Reputation: 421
I have a case where I am trying to append the calculated percent value in a understandable format into a column in my dataframe called df. When I say understandable format the output into the column should go like '40% Matched'
, like in the case below.
df = pd.DataFrame({ 'Col1':[['Phone', 'Watch', 'Pen', 'Pencil', 'Knife'],['apple','orange','mango','cherry','banana','kiwi','tomato','avocado']], 'Col2': [['Phone', 'Watch', 'Pen', 'Pencil', 'fork'],['orange','avocado','kiwi','mango','grape','lemon','tomato']]})
df['Matched Percent'] = 'No Match'
for index,(lst1,lst2) in enumerate(zip(df['Col1'],df['Col2'])):
if(lst1 == lst2):
print('100% Matched')
else:
c1 = Counter(lst1)
c2 = Counter(lst2)
matching = {k: c1[k]+c2[k] for k in c1.keys() if k in c2}
text = '% Matched'
if len(lst1) > len(lst2):
out = round(len(matching)/len(lst1)*100)
#df['Matched Percent'].append(out,'% Matched')
print(out,'% Matched')
else:
out = round(len(matching)/len(lst2)*100)
#df['Matched Percent'].append(out,'% Matched')
print(out,'% Matched')
80 % Matched
62 % Matched
TypeError: cannot concatenate object of type "<class 'int'>"; only pd.Series, pd.DataFrame, and pd.Panel (deprecated) objs are valid
I keep getting TypeError. I tried a couple of ways but no luck. I am able to print the values in the way I want in my screen as shown above. But when I append it to my dataframe df
it fails.
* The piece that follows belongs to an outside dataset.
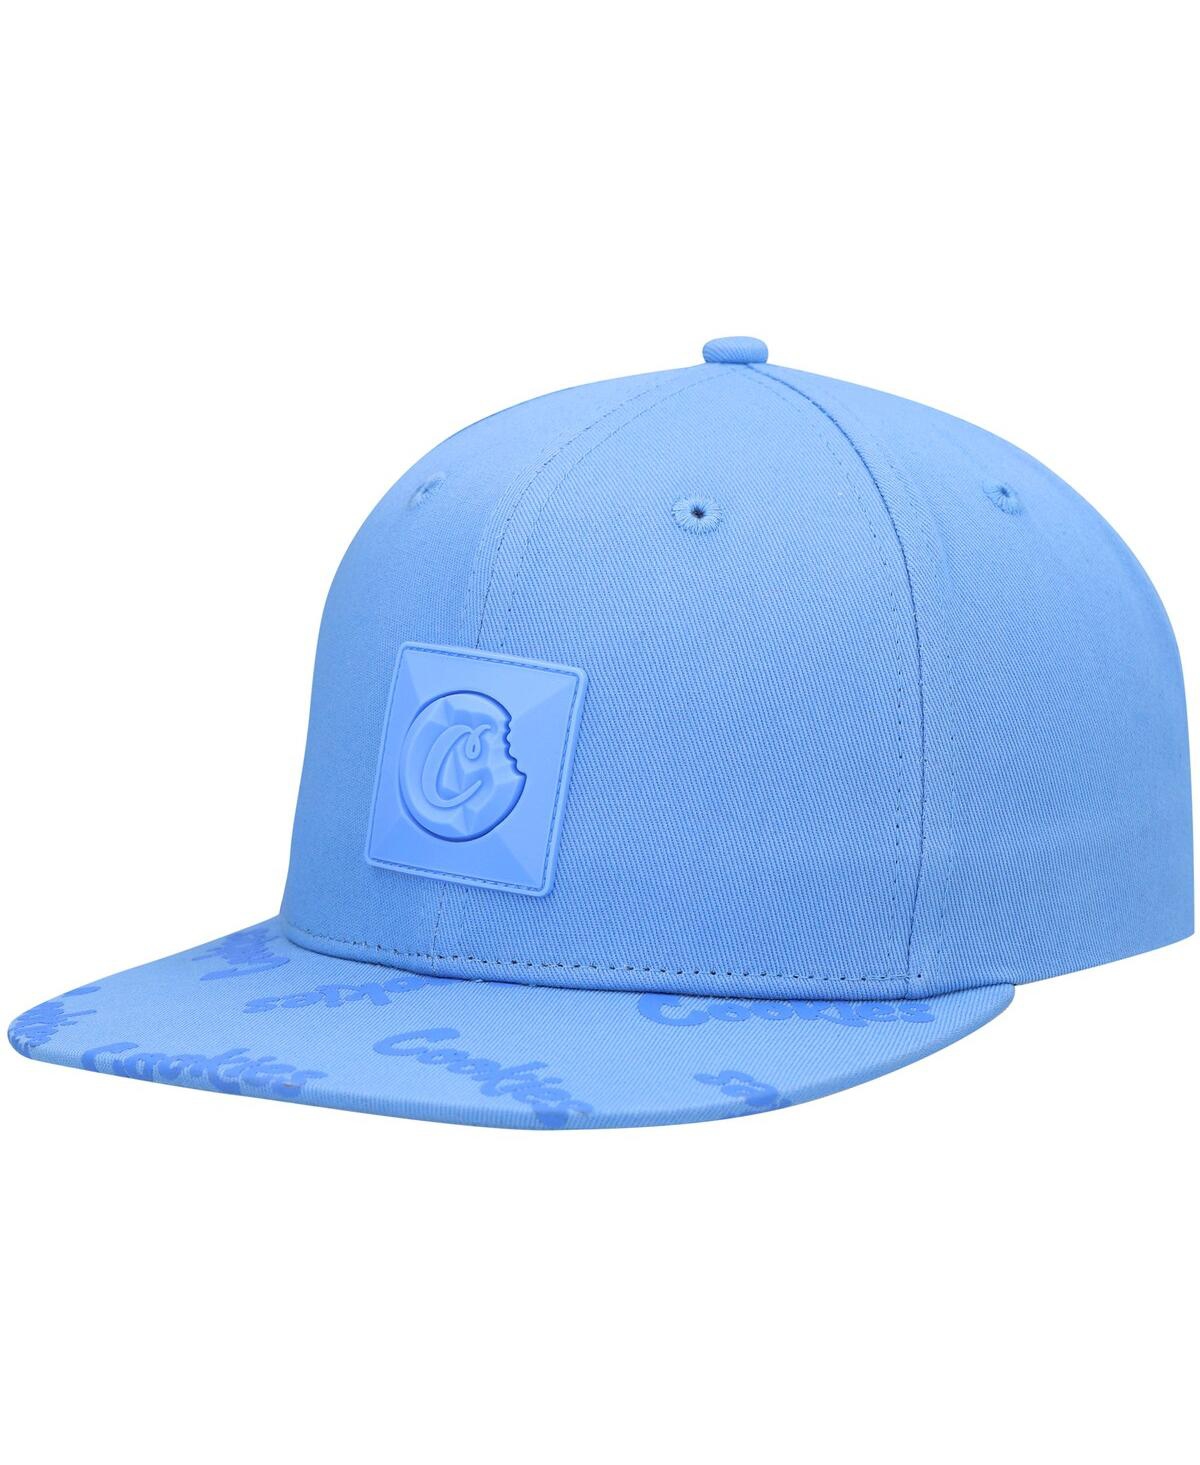 Cookies Men's  Light Blue Monaco Snapback Hat

Appreciate advice on how to solve this.
Upvotes: 1
Views: 4431
Reputation: 21
If I understand your question correctly,
df = pd.DataFrame({ 'Col1':[['Phone', 'Watch', 'Pen', 'Pencil', 'Knife'], ['apple','orange','mango','cherry','banana','kiwi','tomato','avocado']], 'Col2': [['Phone', 'Watch', 'Pen', 'Pencil', 'fork'], ['orange','avocado','kiwi','mango','grape','lemon','tomato']]}) df['Matched Percent'] = 'No Match' for index,(lst1,lst2) in enumerate(zip(df['Col1'],df['Col2'])): if(lst1 == lst2): print('100% Matched') df['Matched Percent'][index] = '{}% Matched'.format(100) else: c1 = Counter(lst1) c2 = Counter(lst2) matching = {k: c1[k]+c2[k] for k in c1.keys() if k in c2} text = '% Matched' if len(lst1) > len(lst2): out = round(len(matching)/len(lst1)*100) #df['Matched Percent'].append(out,'% Matched') print(out,'% Matched') df['Matched Percent'][index] = '{}% Matched'.format(out) else: out = round(len(matching)/len(lst2)*100) #df['Matched Percent'].append(out,'% Matched') print(out,'% Matched') df['Matched Percent'][index] = '{}% Matched'.format(out)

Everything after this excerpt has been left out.